Peter
Sisseck, founder of one of Spain’s most sought after wines, is trialing a natural wine project at Dominio de Pingus in Ribera del Duero. “I want to get
my head around the natural wine thing. I’ve been in talks with Marcel Lapierre
in Beaujolais and some of the good natural wines guys – it’s not all bullshit,”
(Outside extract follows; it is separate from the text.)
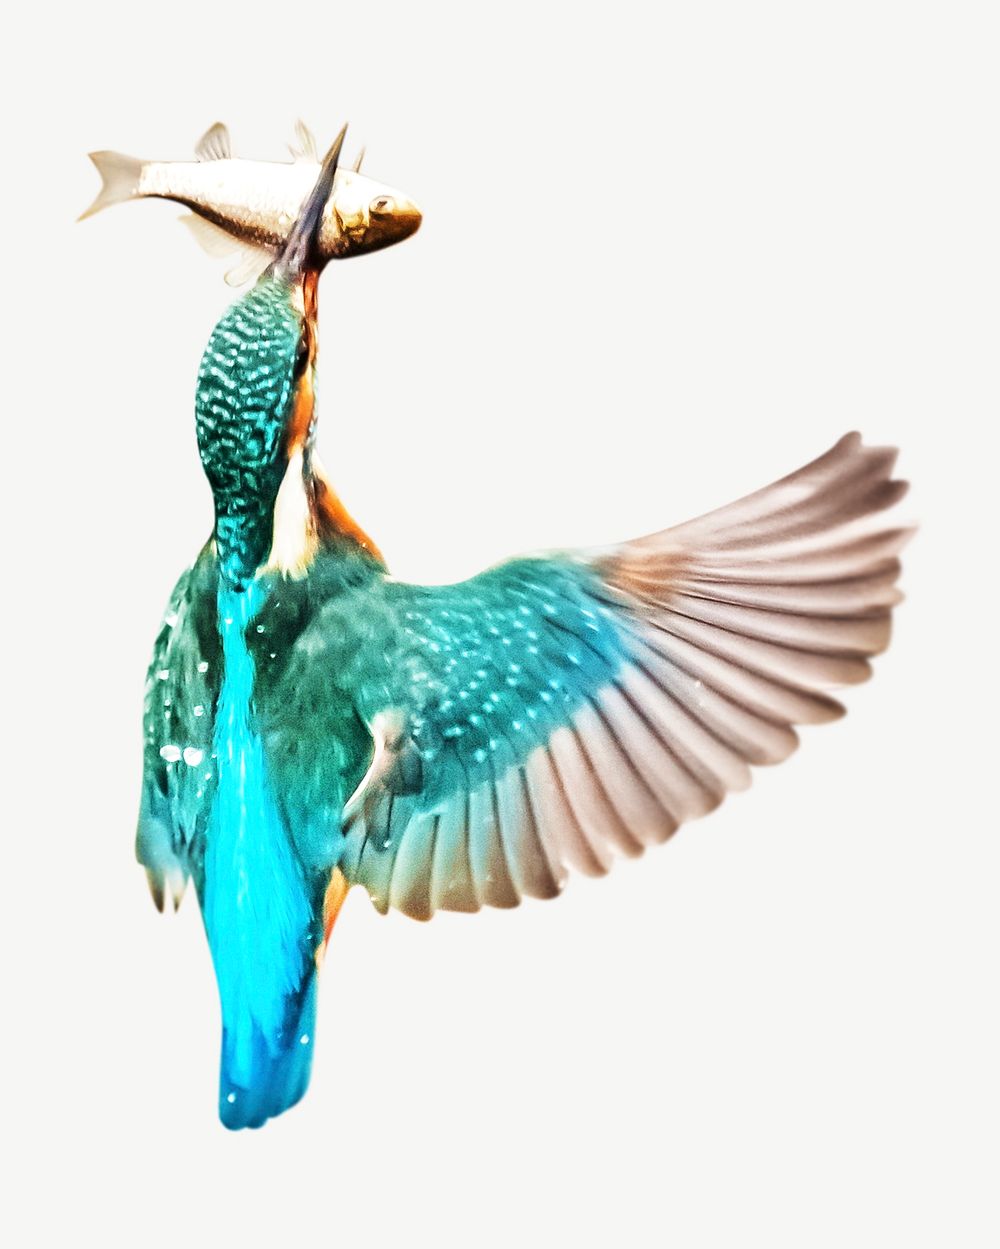 Kingfisher bird design element psd

he told the drinks business. Sisseck
is experimenting with making a version of Pingus with no sulphur, but is
concerned that this will hamper the wine’s ability to age.
“I
want to make wines that can age and it’s very hard to do so with no sulphur. Despite
never using much in Pingus, a little sulphur is essential,” he said. Having
studied biodynamics at the Rudolf Steiner School in Basel, Sisseck is keen to
take things a step further. “The idea of natural wine is interesting. The best
ones have lovely purity when they’re young, but they are extremely
fragile. Any terroir expression the wines may have can be erased by bret and
oxidation,” he said.
The
Dane is keen to stress that his natural wine will be treated as a standalone
project: “Pingus isn’t about to go natural. I want to see what I can learn,” he
said. Pingus
has been biodynamic since 2000 and second wine Flor de Pingus since 2005. Sisseck
admits that in his single-minded approach in only working with Tinto Fino (the
Ribera del Duero equivalent of Tempranillo), he “may have gone too far.”
To
redress the balance, he’s started working with small parcels of native white
varieties planted in the two Pingus vineyards, and is experimenting
with adding small amounts of white into the Pingus blend. Having been “very spoilt” with Parker points in the past, Sisseck believes the appointment
of Neal Martin as The Wine Advocate’s
new Spain critic after Jay Miller’s departure post “Jumilla-gate” will be a
“tremendous help” for Spain.
“Jay
favoured things in Spanish wine I’m trying to avoid. He liked very big, inky,
in your face, ‘show me the money’ wines. Neal is more into the historical
background of the vineyards and will hopefully give more focus to Spain’s terroir
message, which has got lost,” he said.